I’ve always dreamed of walking down an isle of budding lilacs on a warm spring day. The wooden white chairs line the isle with all my friends on either side and my mother looking on with her shimmering beautiful smile. Beyond the purple garden would be the calming rolling ocean, beating against a bright white sand beach. But as you know, love alone doesn’t finance the wedding I’ve fantasized about since I was a little girl. We’re both still drowning in student debt and I haven’t exactly found the salary I expected when I graduated. But once you find your true love, you have all the time in the world.

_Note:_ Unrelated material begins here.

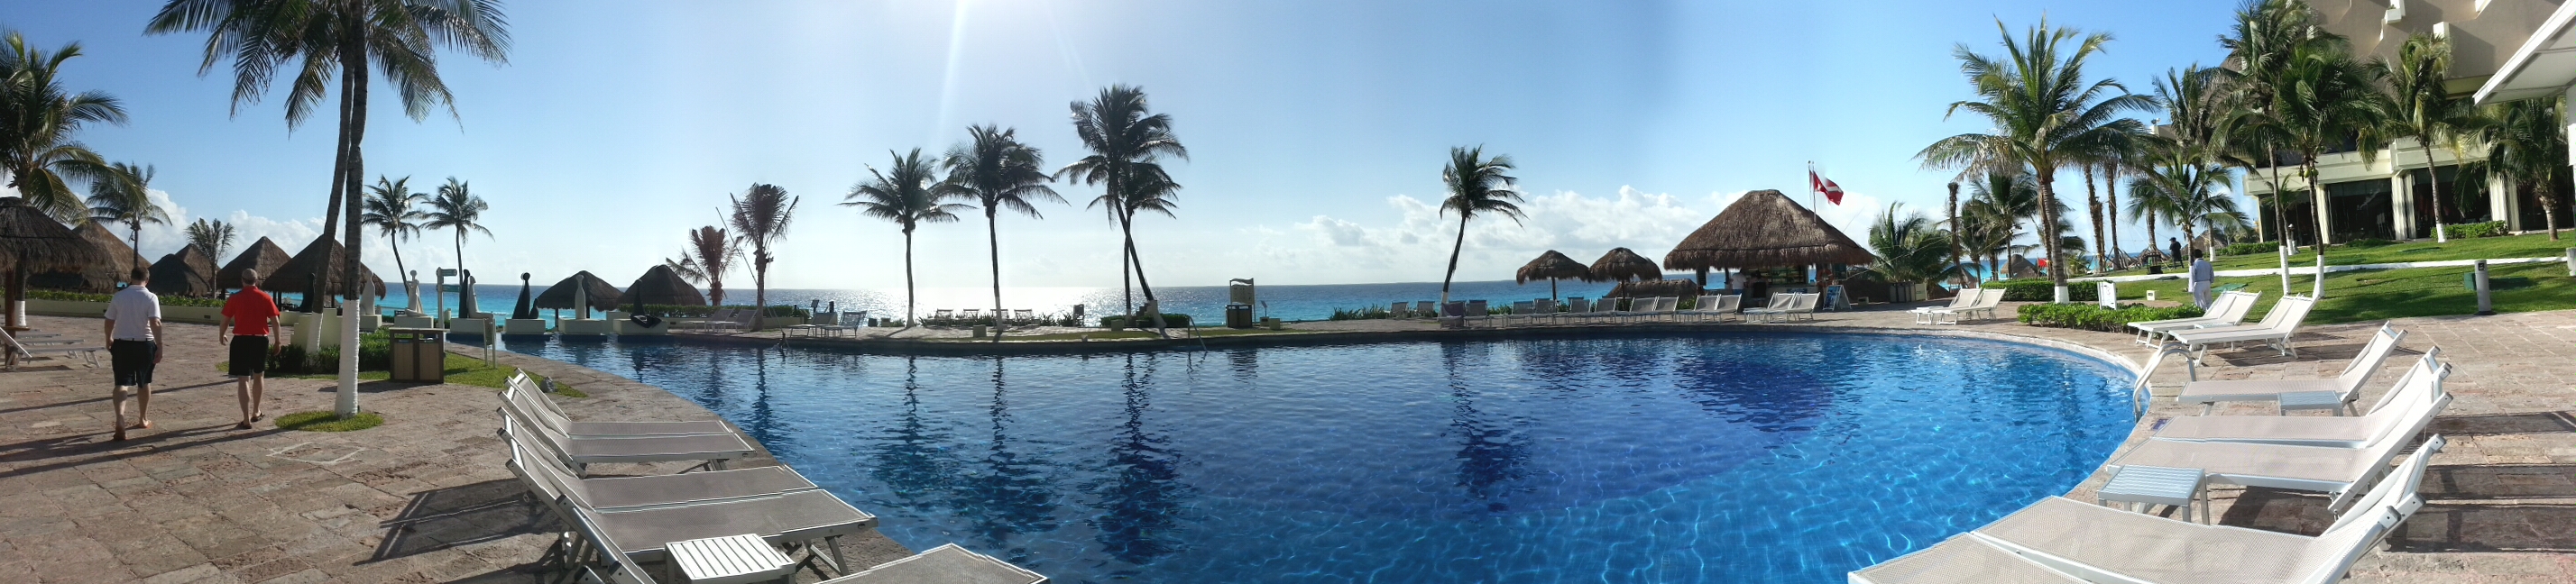 Panoramic view of cancun

Nonetheless, Reed and I decided we should take a celebratory engagement vacation. He was under a lot of pressure after his new promotion to senior manager, and my company had just wrapped up year-end closings. So after a few weeks of my persuasive yet probably incessant pleading, he agreed to take a late summer trip down to Georgia. I wanted to find a cozy historic Airbnb. I’d always wanted to stay in a historic home for a few nights, but probably never buy one because of the mind-numbing maintenance restrictions on updates to it and all other possible issues with owning one. But of course, given our financial situation that was well off the table anyway. Our shared love of history made this an easier sell than most vacations for my stubborn fiancé.

We arrived starry-eyed and wildly in love in Savannah, Georgia as young couples are. I’ll preface this by saying I’ve never fell out of love with him, and I never will despite all that happened. We picked Savannah because of its rich history and colonial feel. For a week we could pretend we lived in simpler times, or at least feel a touch of what it was like in the 19th century. The Airbnb we settled on was just off the main drag, right at the heart of the city. It was built in 1819 by a wealthy couple. The husband, Hugh John built the home for his wife, Maura. He made sure it was constructed to her exact specifications, down to every detail. “How romantic,” I said to Reed, swooning over an early 1800s love story.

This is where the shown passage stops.